_TASK GOAL_. The pictures in the listing below are to be skipped, while the lines between the line holding "Pink and purple" and the line holding "Integration Overview Neotys", inclusive, are to be output exactly.

_DATASET ENTRIES_.
──────────────────────────────
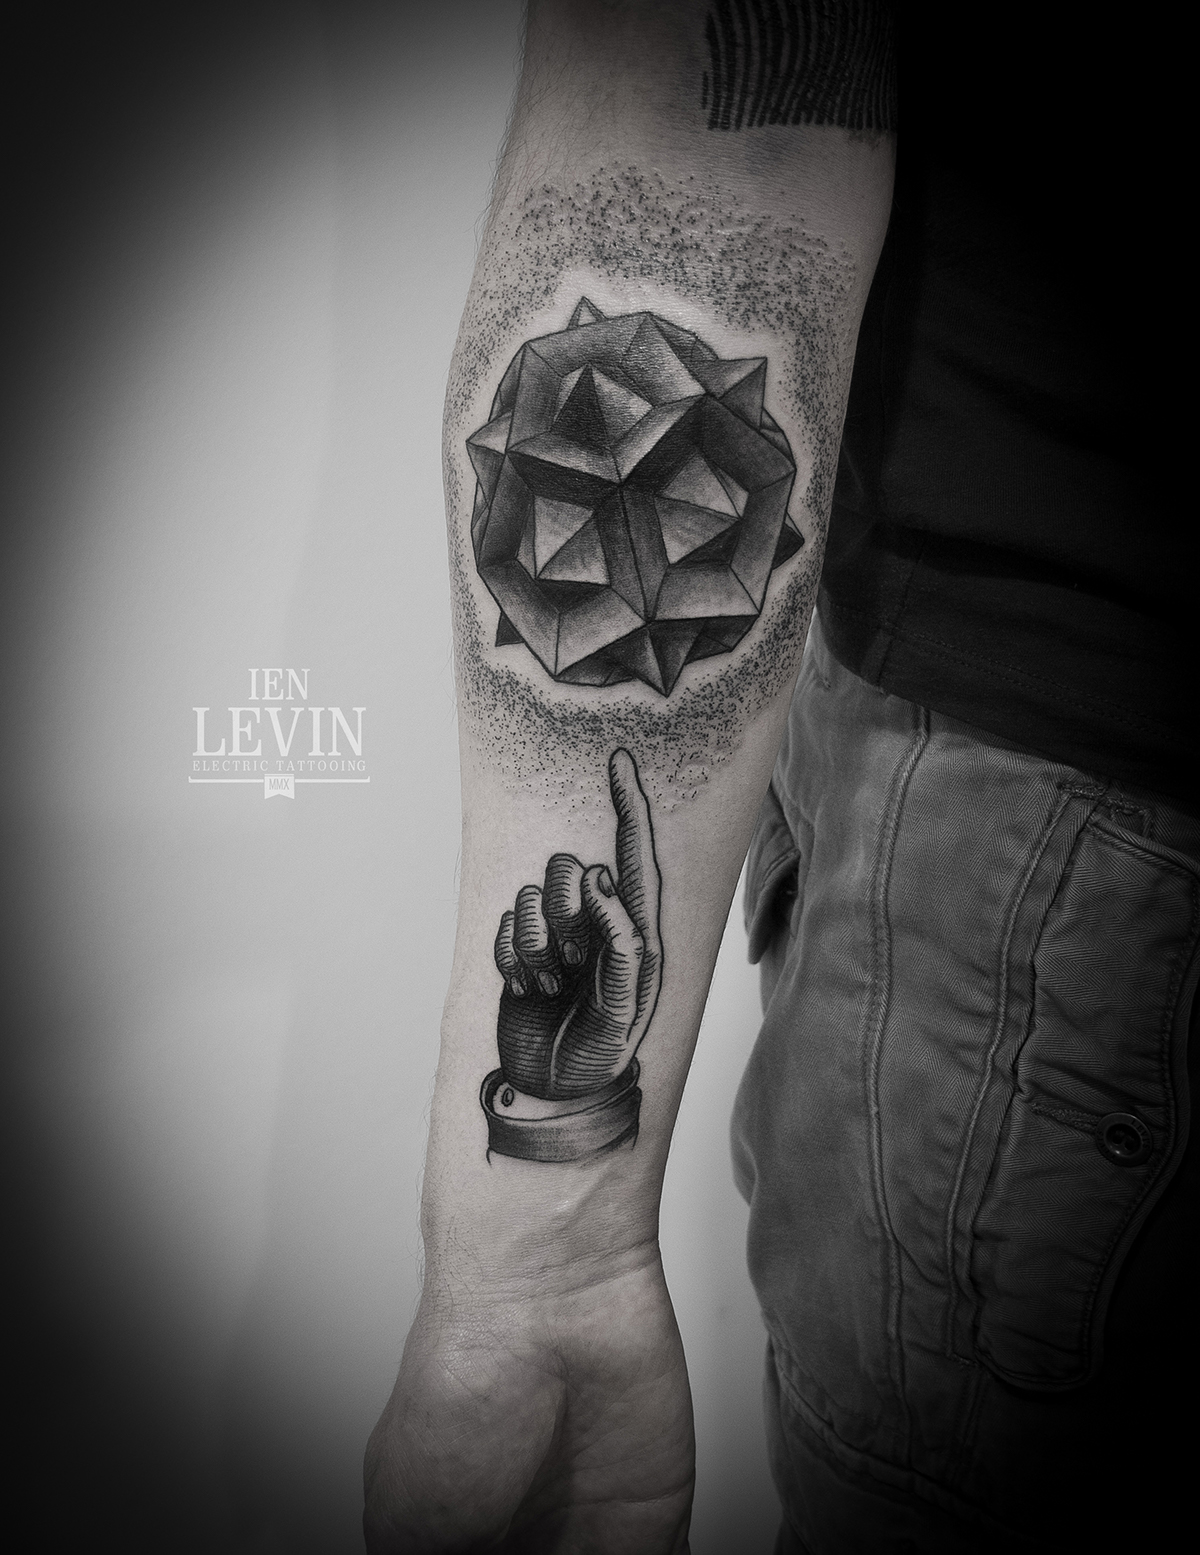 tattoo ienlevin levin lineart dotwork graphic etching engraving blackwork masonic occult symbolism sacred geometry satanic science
──────────────────────────────
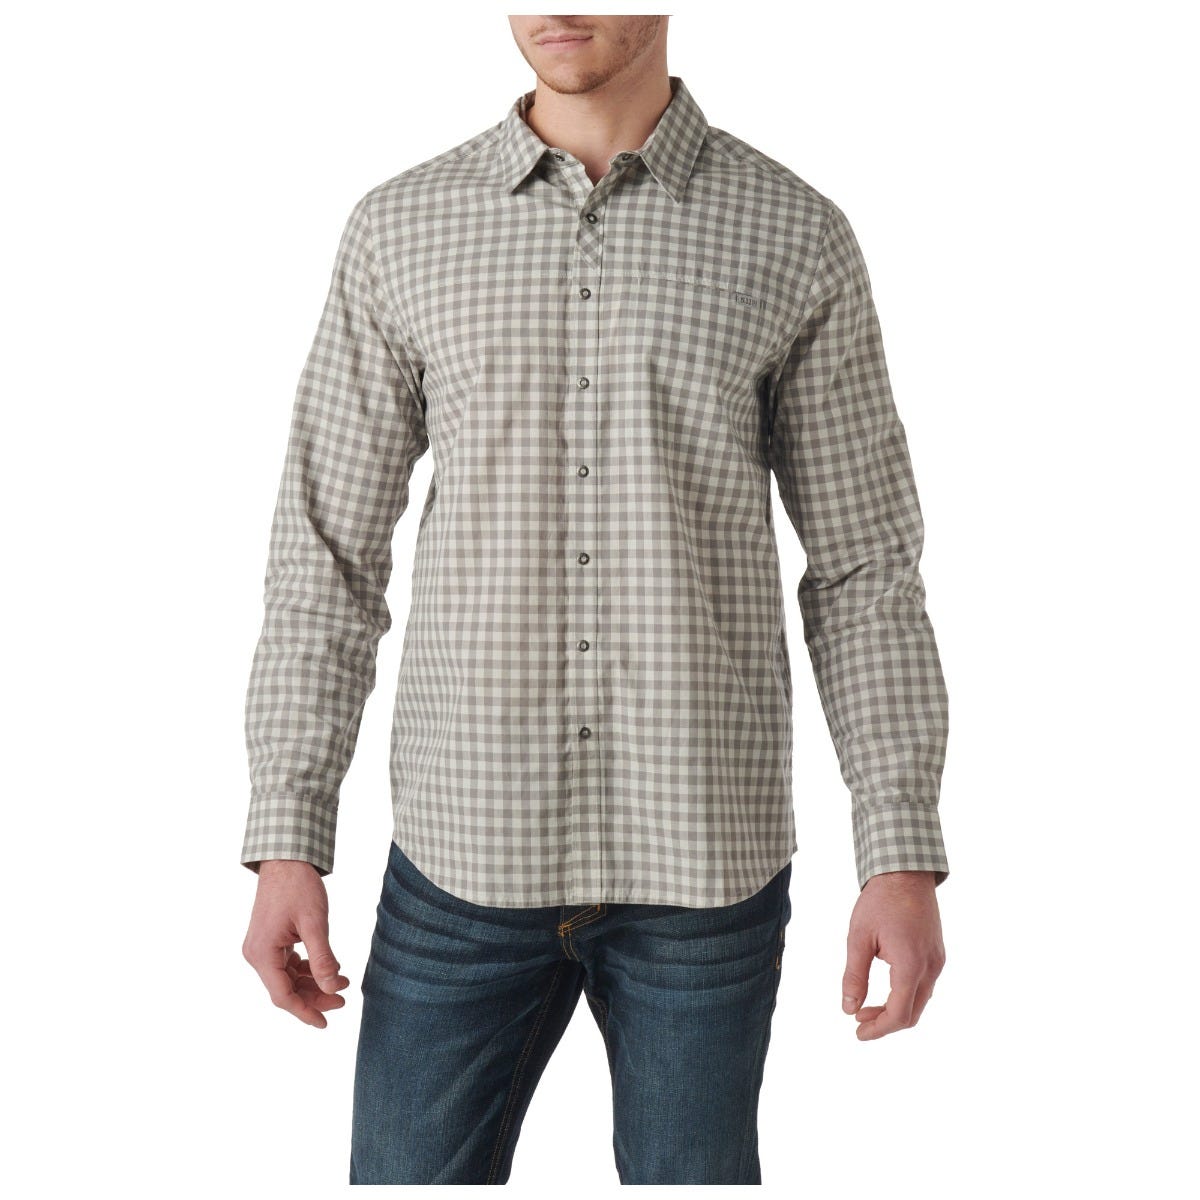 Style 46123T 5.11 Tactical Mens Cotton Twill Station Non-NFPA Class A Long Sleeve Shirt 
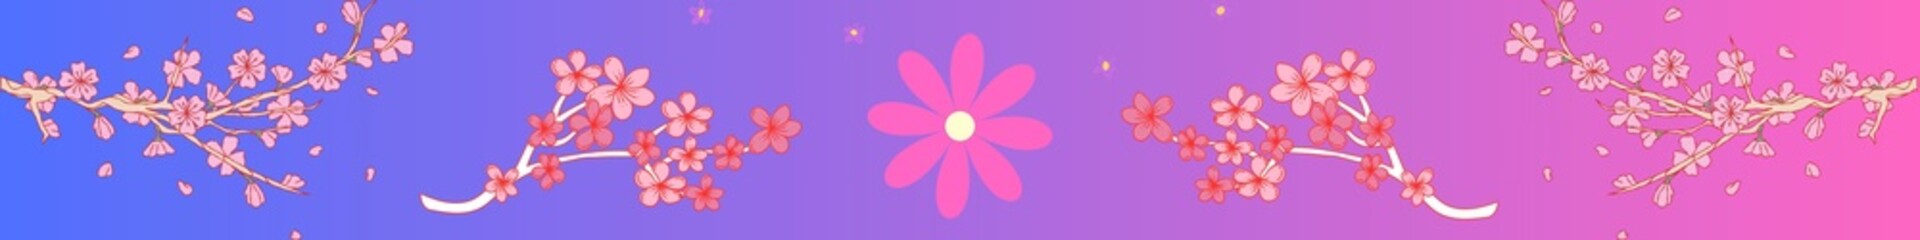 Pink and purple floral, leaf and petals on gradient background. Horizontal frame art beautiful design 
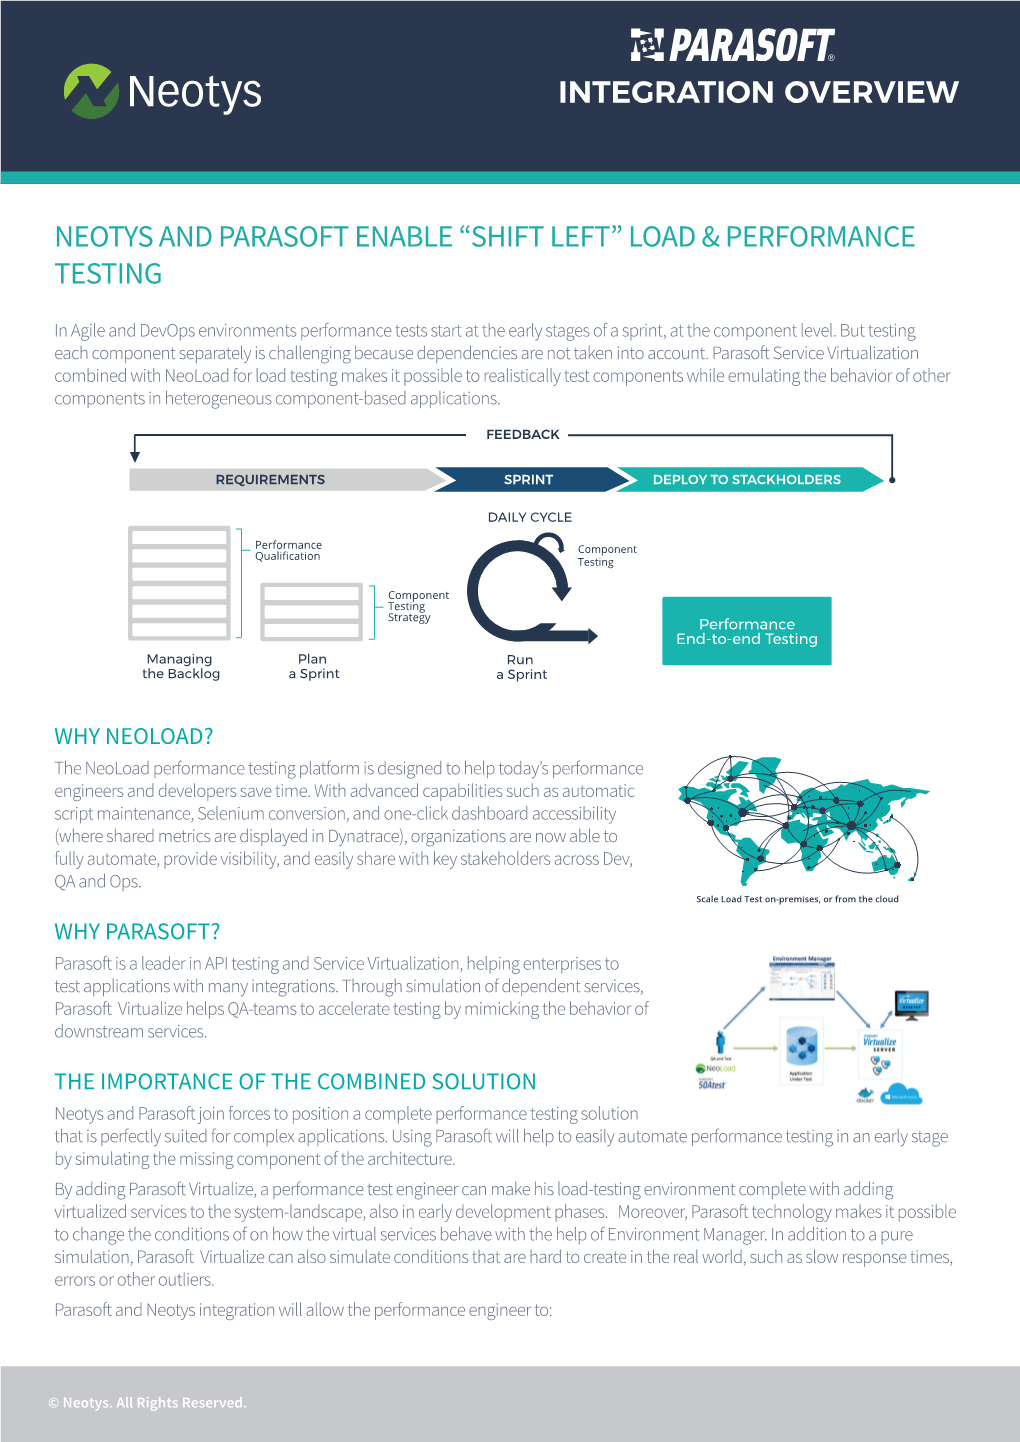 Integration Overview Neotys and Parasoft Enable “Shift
──────────────────────────────
_TASK OUTPUT_.
 Pink and purple floral, leaf and petals on gradient background. Horizontal frame art beautiful design 
 Integration Overview Neotys and Parasoft Enable “Shift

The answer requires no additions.